In retrospect, Peaches’ bodily obsessions feels less like provocation for provocation’s sake and more an early blueprint for the abrasive hyperfemininity now dominating the cunty techno underground, as well as pop. Artists like Kim Petras, Miss Bashful and Chase Icon have inherited this fascination with femininity and the female body which is not only injected with camp, but amplified into something confrontational and harsh. Speaking to the Recording Academy in 2023, Petras cited Peaches as early inspiration for her ‘Slut Pop’ universe :‘I grew up listening to the dirtiest s***...I listened to Ayesha Erotica so much - to Peaches, to, like, Amanda Lepore’s quick dip into music’. Hearing ‘Peaches’ in the same breath as contemporary, trans SoundCloud baby Ayesha Erotica shows just to what degree The Fuck The Pain Away singer created a template for this strain of confrontational, sex-first, DIY electronic femininity. Additionally, the recent explosion of Slayyyter into the mainstream affirms this strain as foundational to contemporary queer and femme-forward pop and club music; not only have these aesthetics and themes become normalised, they’re now lauded on a larger scale.

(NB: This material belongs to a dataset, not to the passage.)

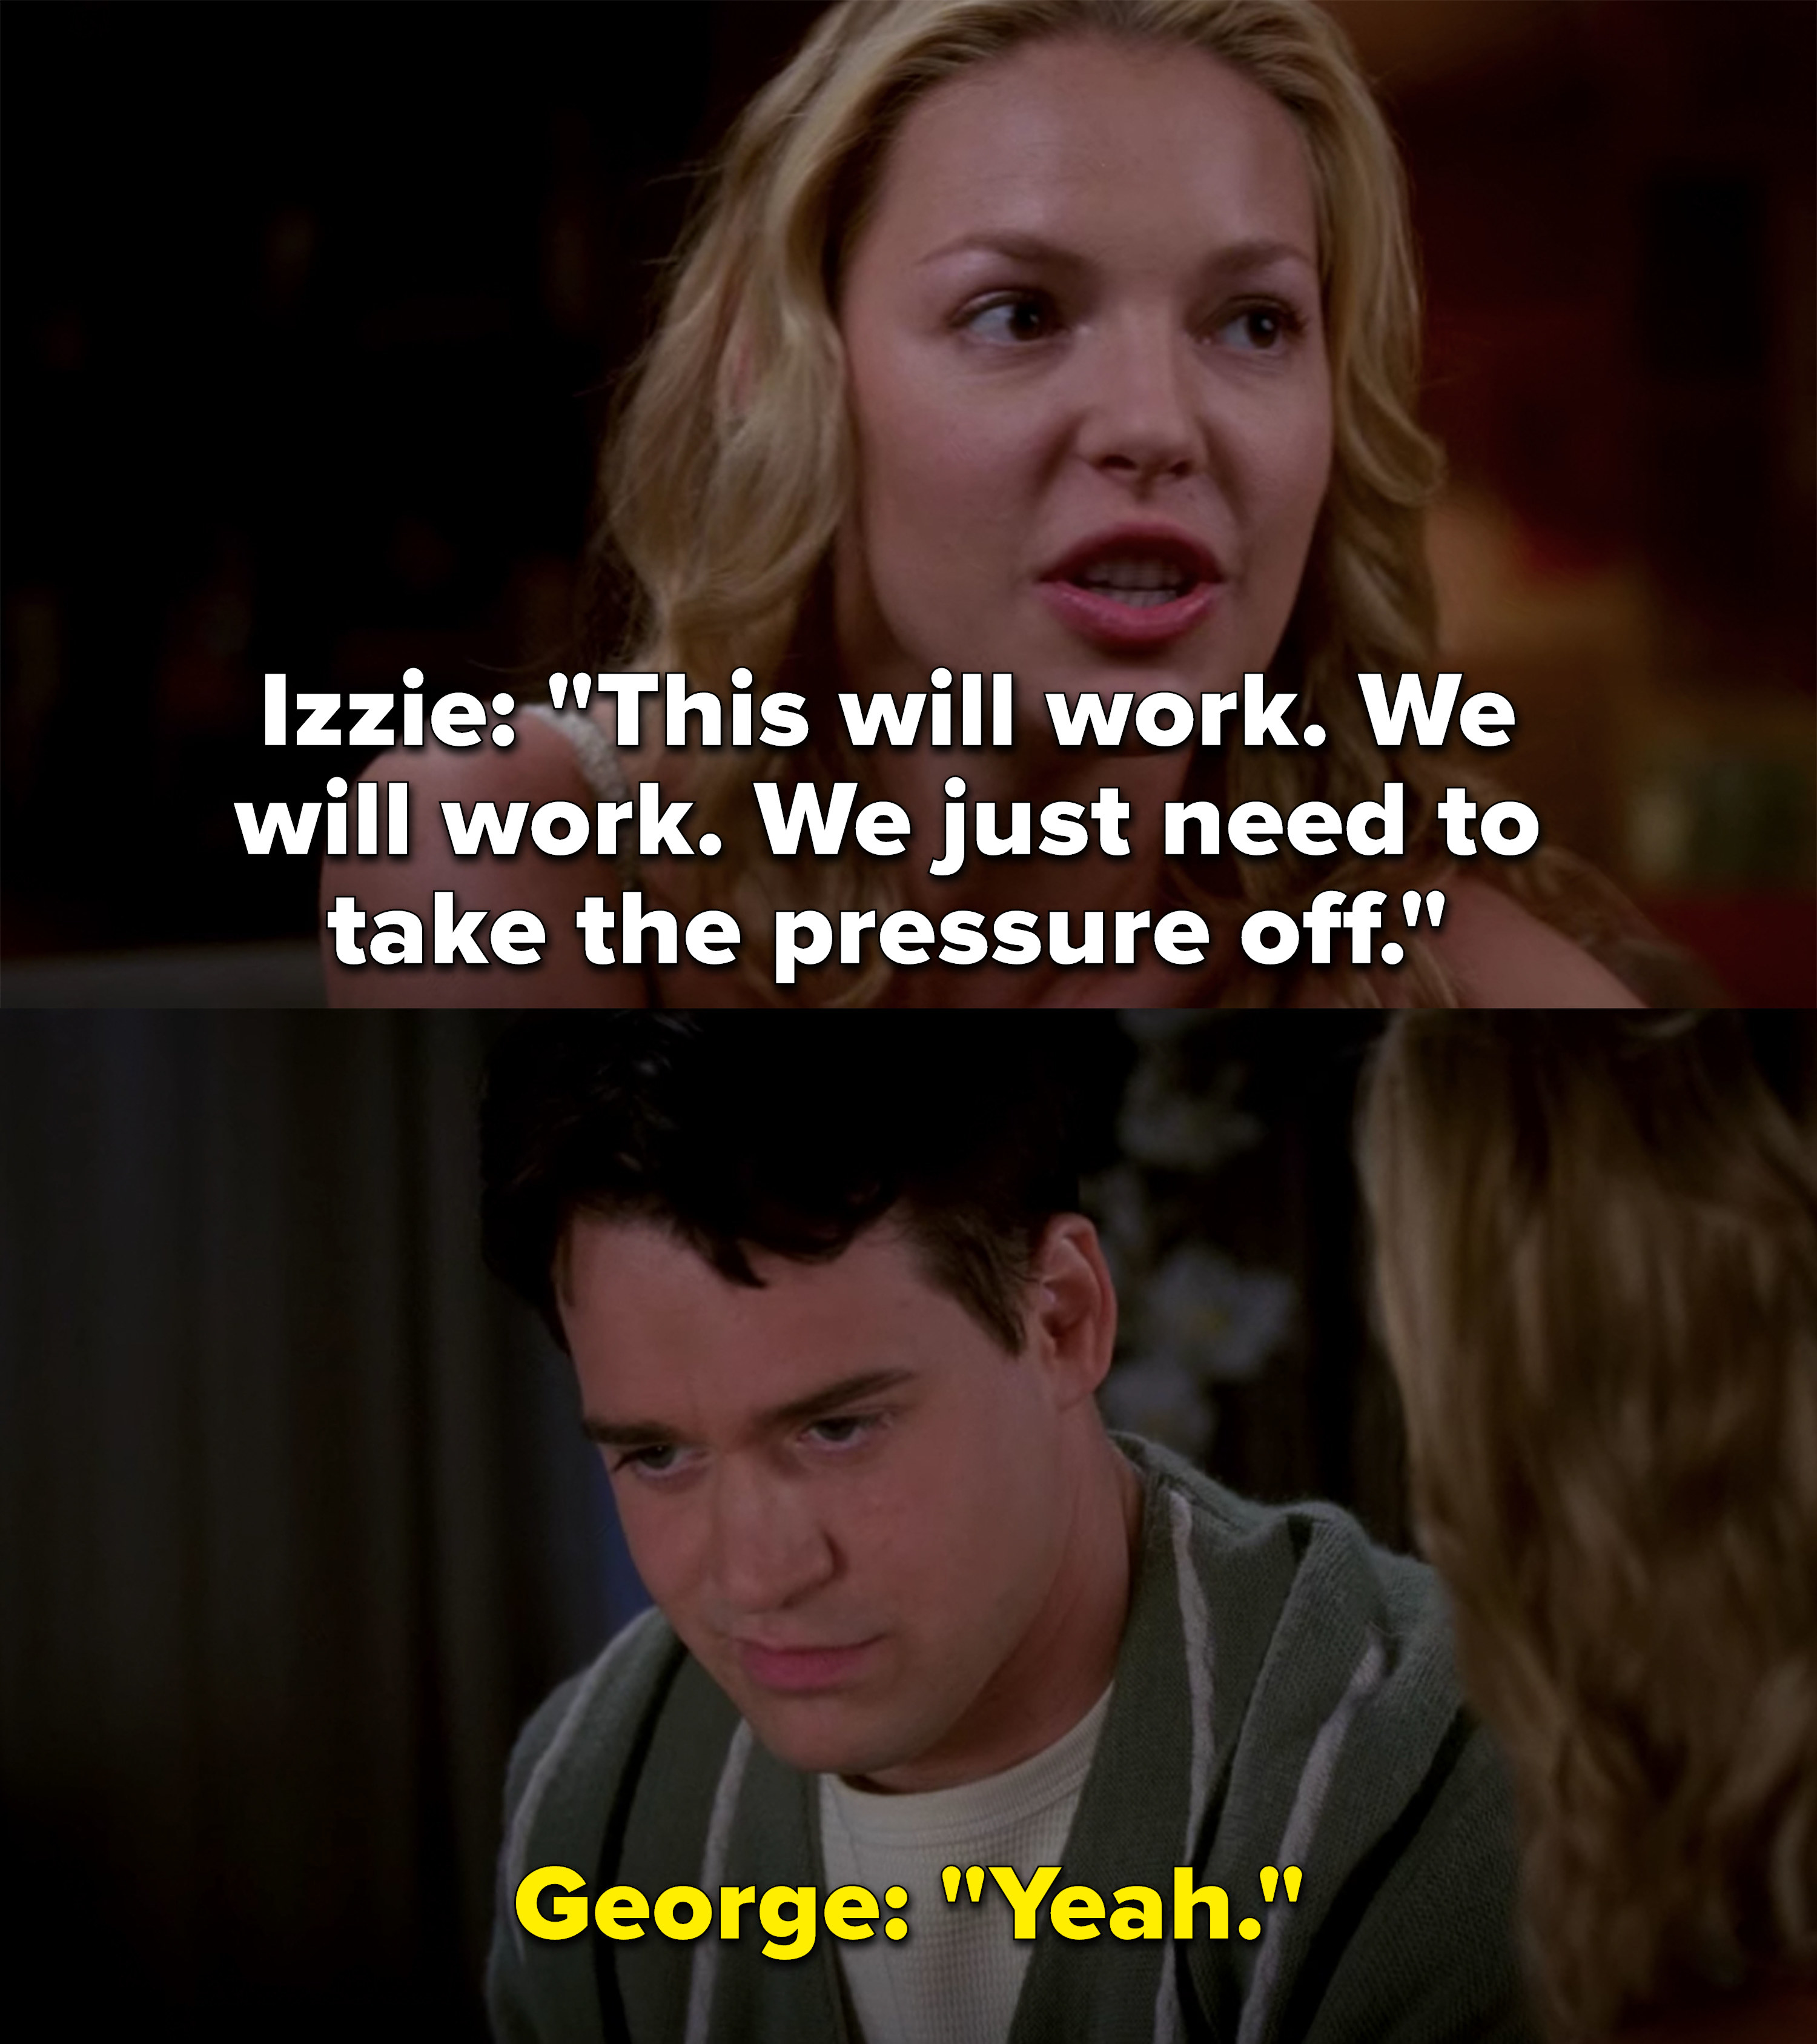 Izzie says their relationship will work, they just need to take the pressure off

Alternatively, Sabrina Carpenter muddies Peaches’ influence far beyond these left-field, ‘weird’ girls. As a seemingly heterosexual, blonde pin-up, Sabrina reveals how the aesthetics and attitudes of Peaches have seeped into the general pop universe. Her horny musical offerings suggest that polished pop femininity is not merely passive and saccharine, but can exhibit an overt sexual appetite. Not only did Peaches spearhead camp horniness, she broke the mould of pop performance and subsequently helped reshape the conditions under which femininity, queerness and sexual performance could operate within pop culture. As a song on her new album No Lube, So Rude declares: “Fuck How You Wanna Fuck”, and that radical agency and choice is a call to arms: not only for sex, but for female identity. Regularly, she acknowledges and champions new female acts; closing her set, she brought out Lambrini Girls frontwoman Phoebe Lunny for Fuck the Pain Away, screaming “Do you know how much I love Phoebe, how cool her band is?” and “Give it up for Lambrini Girls!”, before scampering off with a flick of her pubic hair tail.

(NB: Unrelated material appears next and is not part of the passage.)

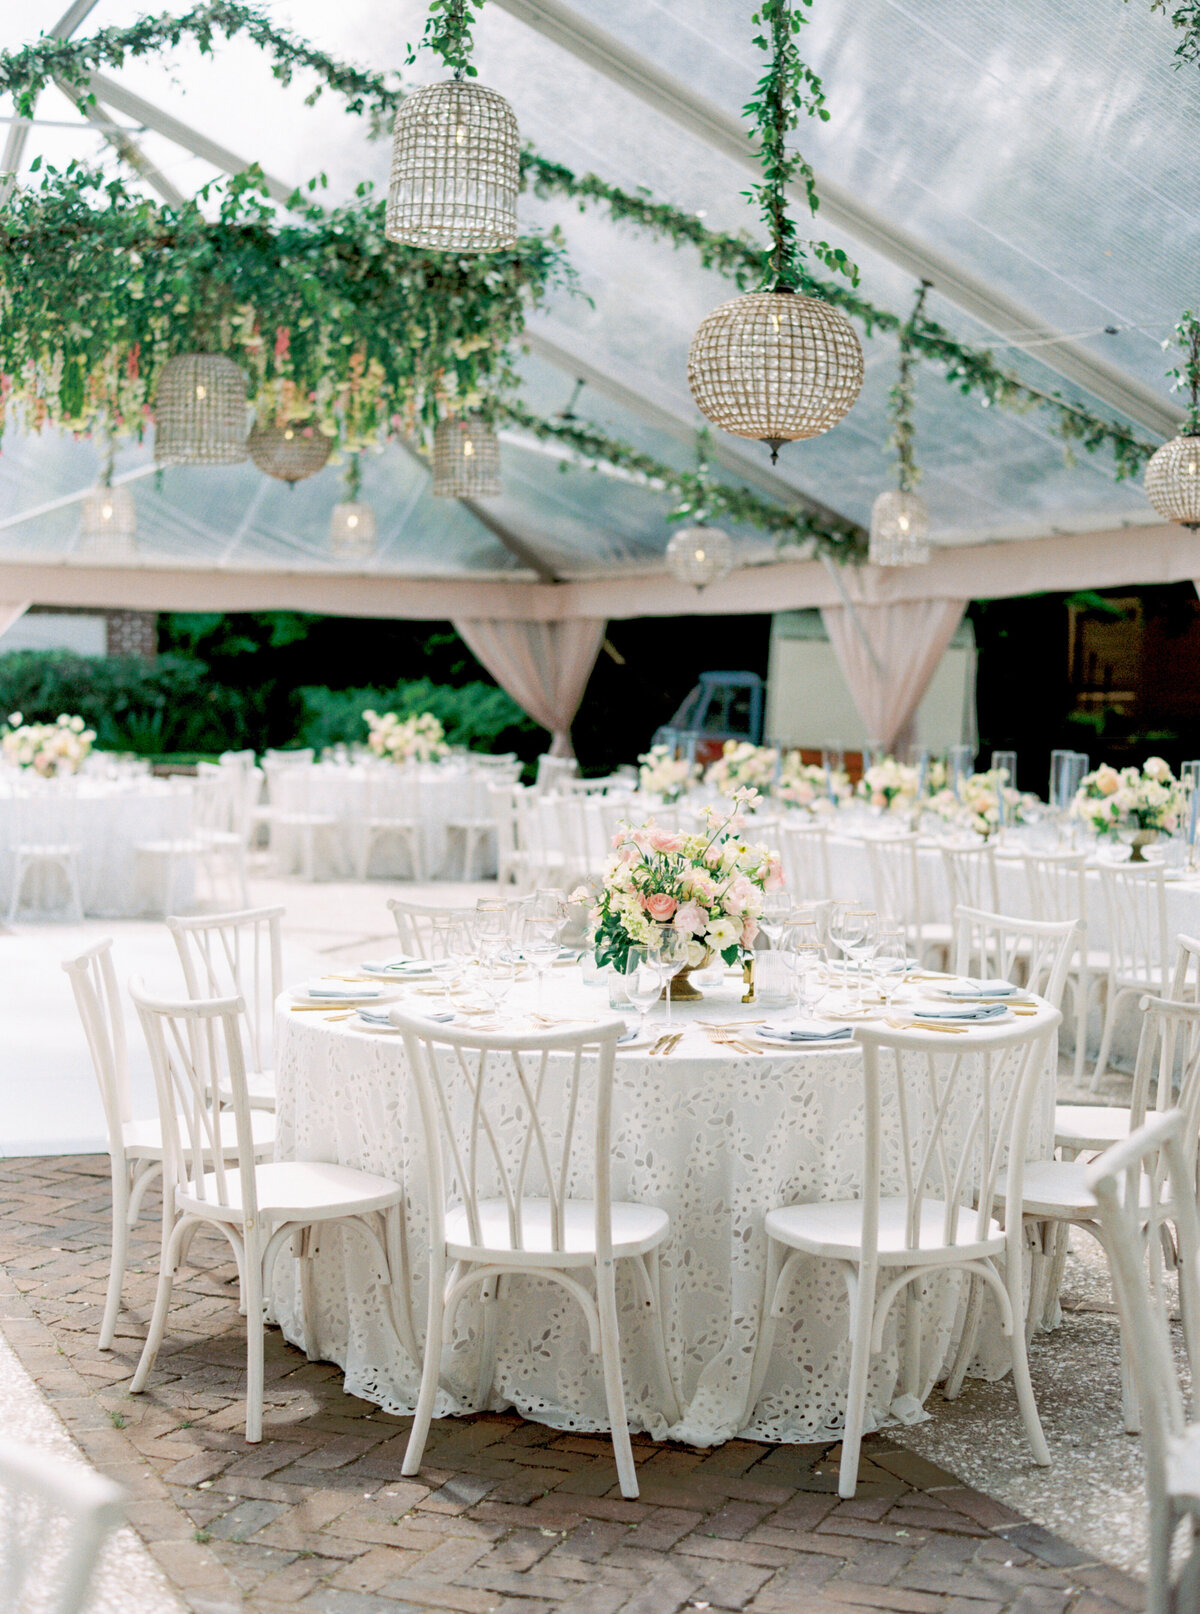 Light and bright spring wedding reception design. Bird cage lighting. Clear tent and hanging greenery with flowers.

Meanwhile, pop’s Lesbian Renaissance marches on: Towa Bird just released her sophmore album, “Talking about sex is an active act of liberation and resistance, especially for lesbians, because it's fucking rare”, as she told Cosmopolitan, and MUNA's fourth album ‘Dancing on the Wall’ dropped a week later- a positive deluge from the Sapphic gods. The latter sits firmly in the Peaches canon, exploring the sweaty thrill of lesbian desire whilst mournfully acknowledging the ways in which queer people are increasingly at danger, and the political devastation in which we find ourselves. What once rendered Peaches genuinely transgressive now forms the aesthetic language of an entire generation of femme pop and electronic artists, with hypersexuality pushed to absurdity and queerness as an all-encompassing default.